Aleph jobs not running - batch queue stuck

Occasionally a ticket will come in with the staff member reporting that he/she submitted a job at xx:xx and it still hasn't run. Follow the instructions below to find and kill the stuck job and unlock the library.

Step-by-step guide

Amazingly enough, ExLibris does not have a util or function to kill or stop an individual batch job once it's been started. In order to stop a job, then, you will need to get to a command-prompt and execute a "kill" command. The following instruction on how to do so are located in the old PRB system:

PRB Ref: 000005397 (6/16/2003)

Problem: Is there a safe way to stop a job once it has begun?

Answer:Killing jobs is a unix system function and you should consult your unix system administrator for whatever local policies you might have.That said, we can offer these guidelines:There are ALEPH utilities for stopping servers (util w), daemons (util e), and the batch queue (util c). If these don't work, you may need to kill the underlying process in a fashion similar to what we describe below. (See PRBs 001, 077, and 2129.)There is no utility for stopping a batch job. You need to use the unix "kill" command.First, you should be certain that the job really needs to be killed. Consult PRB 850 in this regard.

1.Locate the processes associated with the job, you enter a command like this: "ps -ef | grep manage_01". (Note: some systems may require tick-marks: "ps -ef | grep 'manage_01'".) You should not include the "p_" prefix.

For example, you see this:

aleph 7207 7178 0 11:37:24 pts/7 0:00 grep manage_01
aleph 8651 7730 0 00:55:28 ? 0:00 csh -f p_manage_01_a VCU01,1,0000 00000,999999999,,4, p_manage_01 3
aleph 7730 7729 0 00:54:42 ? 0:00 csh -f /exlibris/a50_5/aleph/proc /p_manage_01 VCU01,1,000000000,999999999,,4,
aleph 19001 8595 21 08:36:54 ? 137:51 /exlibris/a50_5/aleph/exe/rts32 b_manage_01_a

 2.Then you do a kill command for each process. The process number you enter in is the first number in the line. You can include multiple processes in a single kill command. Your grep process will show up in the display. You don't want or need to kill that.

 

You would enter in:

 

kill -1 8651 7730 19001

 

Do the "ps -ef | grep" to verify they are gone.

 

If not, repeat the process using "kill -9" instead:

 

kill -9 7730 19001
3. When you kill a job like this, it will leave the library locked. Before restarting the job you will need to use util c/6 to unlock the library.
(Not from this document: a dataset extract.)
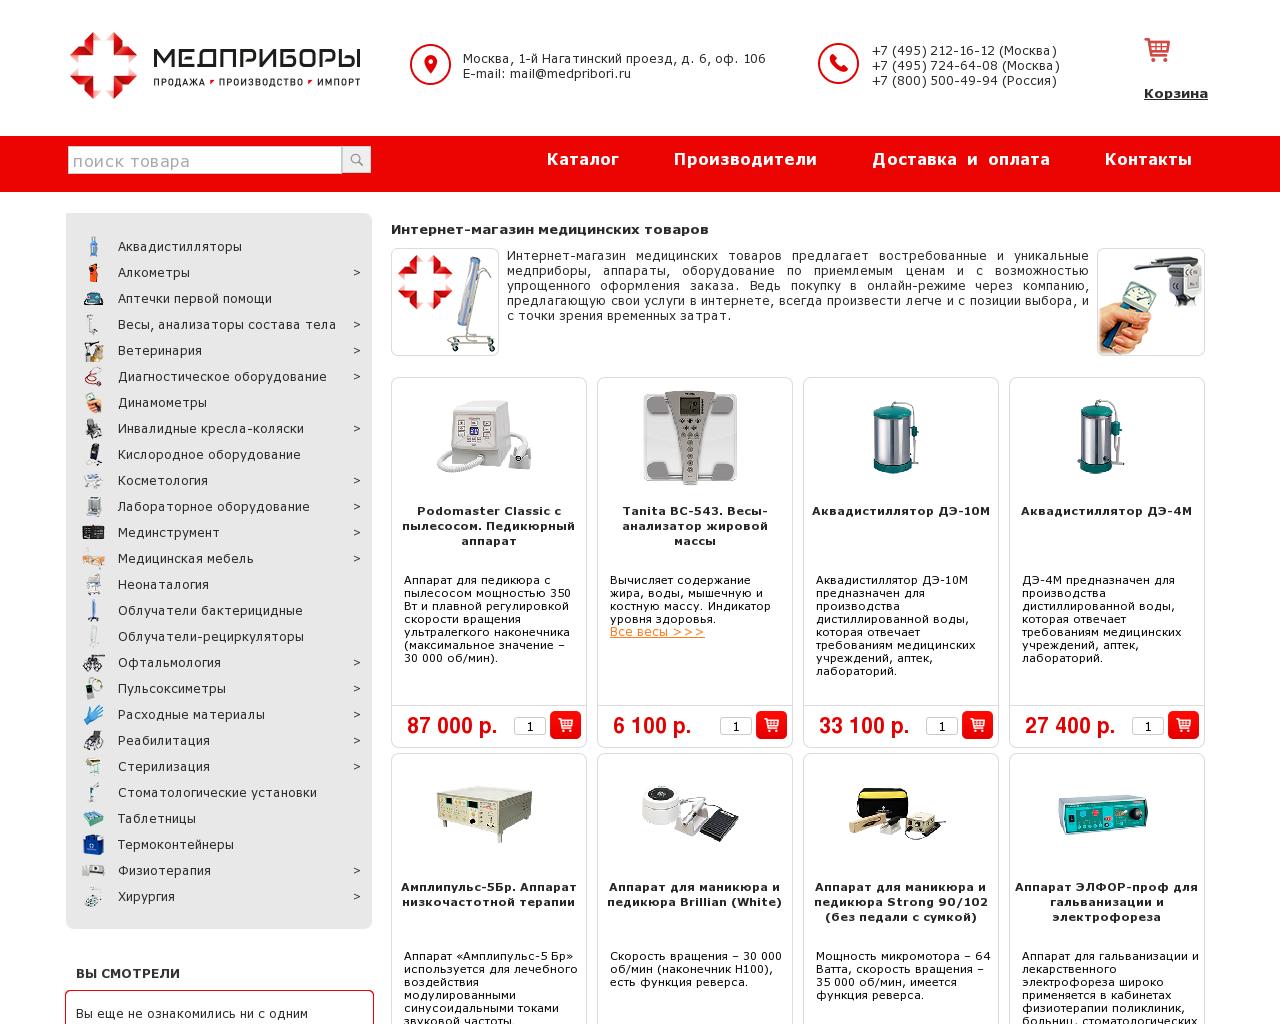 Изображение сайта medpribori.ru в разрешении 1280x1024

More Answer: The above sequence should be enough. The kill -1 (or -9) should kill all subsidiary processes which were spawned. As a double-check you can look for tables this job might be loading:

ps -ef | grep -i z9

or 

ps -ef | grep -i z0

NOTE: The "Task Manager" in the GUI also provides an indicator of the parent process' PID. It doesn't provide the spawned processes' PIDs, however.